Use geo-intelligent logistics to ground your agents in real-world location data to optimize field operations in real-time. It’s a concrete example of how Google Cloud AI tools extend beyond text into the physical world.
👉 Start the Google Maps grounding codelab-https://goo.gle/4e7OU90
7. Deploy and Scale Agents on Agent Engine
Building an agent locally is step one. Getting it to production — reliably, at scale — is the real challenge.
Agent Engine is Google Cloud’s managed runtime for deploying AI agents as containerized microservices that scale dynamically with your workload. This codelab takes you from a working agent to a deployed, auto-scaling service — the definitive guide to how Google Cloud AI agents move from prototype to production.
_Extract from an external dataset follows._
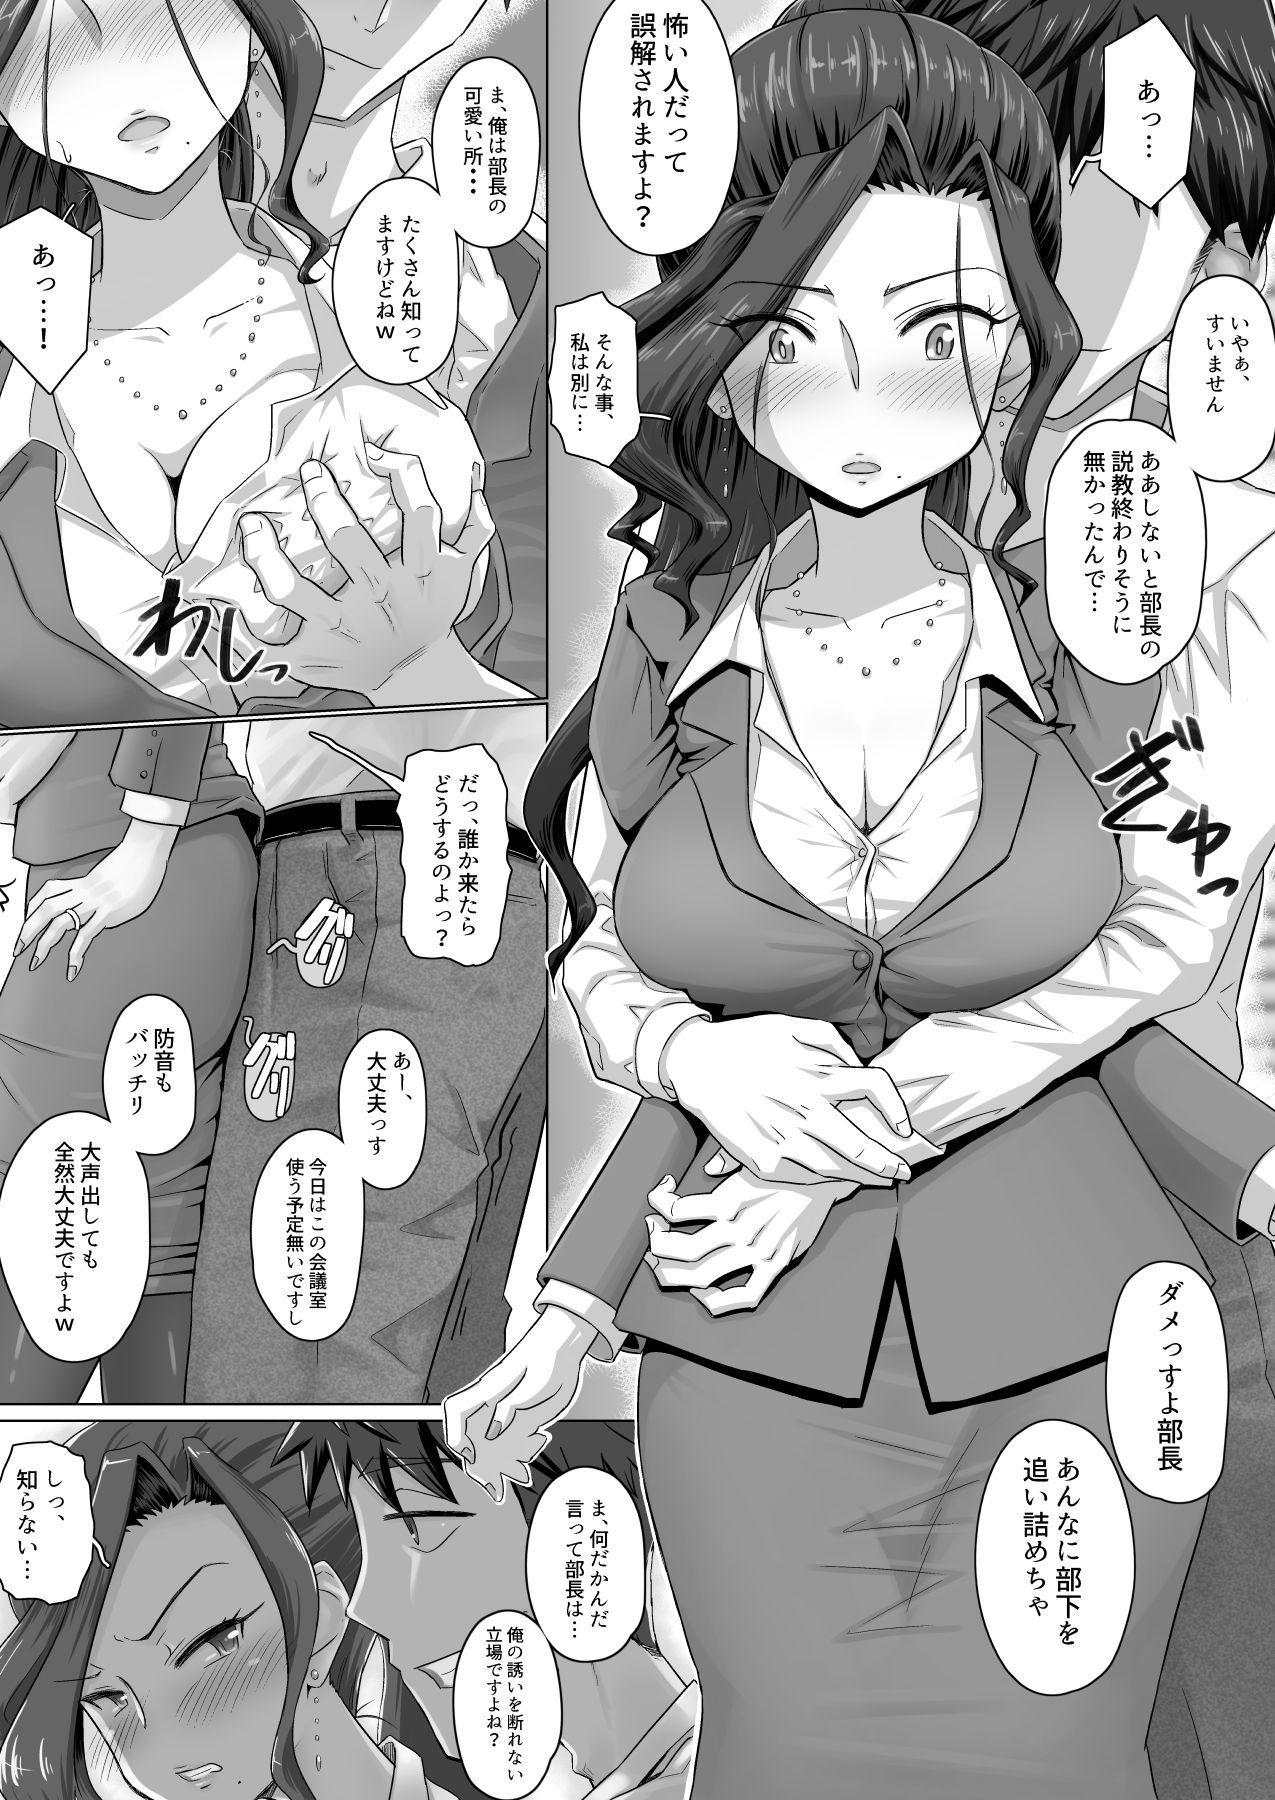 [Urayoroduya (Yoroduya Hyakuhachi)] Ki no Tsuyoi Onna Joushi (31-sai Hitozuma) Matome 24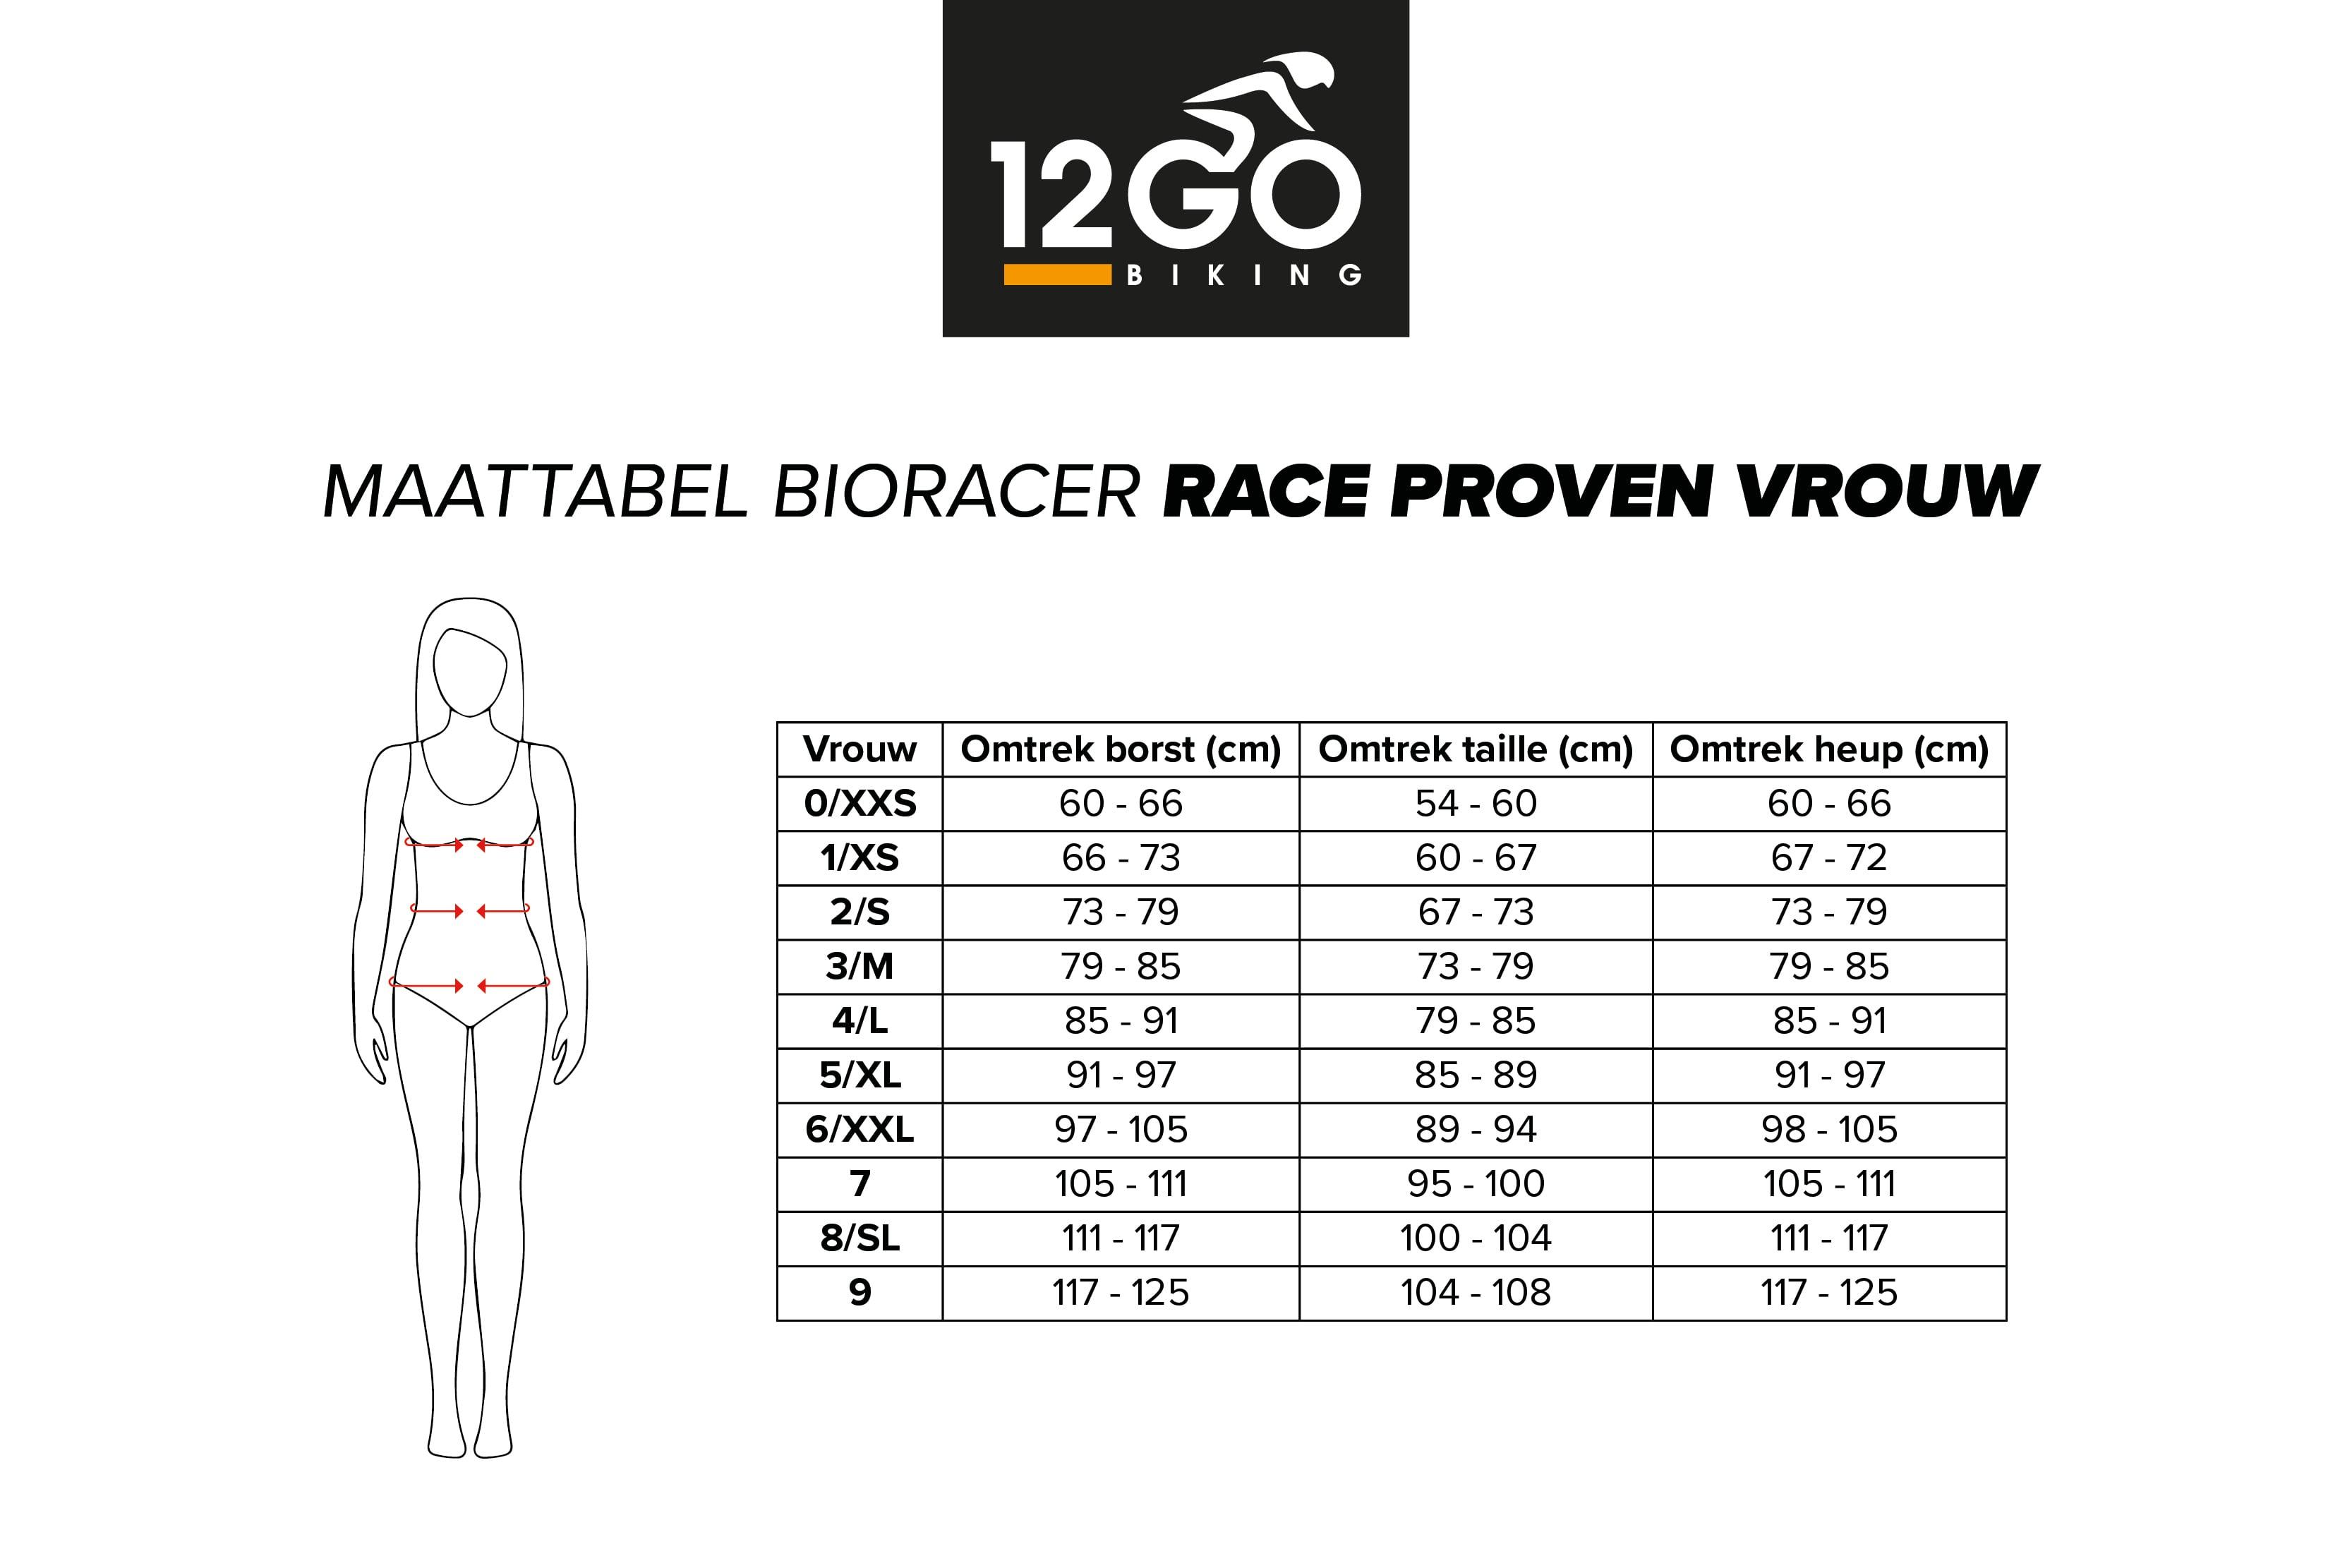 Rave proven vrouwen maattabel bioracer

👉 Start the Agent Engine deployment codelab–https://goo.gle/4sUbVQw

8. The Ultimate Guide to Cloud Run: From Zero to Production
Not every agent needs Agent Engine. For custom containerized workloads, Cloud Run is the fastest path from local code to a live, scalable endpoint.
Use this lab as a blueprint for moving from a local prototype to a production-ready, auto-scaling platform on Cloud Run. If you want to know how to build AI agents for free (or near-free), Cloud Run’s generous free tier makes it the most cost-effective option for early-stage projects.
👉 Start the Cloud Run zero-to-production codelab-https://goo.gle/48n006f
9. Developer Keynote: Building Agents with Skills
This session goes deeper into the architecture of production AI agents — covering the Agent Development Kit (ADK), prompting, Agent Skill usage, and MCP.
Learn the ins and outs of AI agent development, including how prompting, tool use, and multi-step reasoning work together in a real system. Essential context before you deploy anything serious on the Google Cloud AI platform
👉 Watch the Developer Keynote: Building Agents with Skills- https://goo.gle/4tsqZFV
10. General Keynote: Forecasting with AI Agents
The final lab demonstrates how AI agents can transform unstructured chaos into actionable business intelligence in seconds.
This is where Google Cloud AI solutions meet real business value: not just answering questions, but predicting outcomes. A strong example of what’s possible when you combine Gemini models with BigQuery ML on GCP.
👉 Watch the General Keynote: Forecasting with AI Agents- https://goo.gle/4sWn5nP
Why Build AI Agents on Google Cloud?
These codelabs aren’t just tutorials they reflect how Google Cloud AI services are actually being used in production across industries.
The Google Cloud AI platform (Vertex AI) gives you:
– Access to Gemini — Google’s most capable AI model family
– Agent Builder for no-code agent creation
– Agent Engine for managed, scalable deployment
– Native integrations with BigQuery, Spanner, Maps, and Cloud Run
– Enterprise security, compliance, and observability built in
Whether you’re exploring Google Cloud AI training to upskill, building a product, or pursuing cloud AI jobs ,these labs give you the hands-on experience that matters.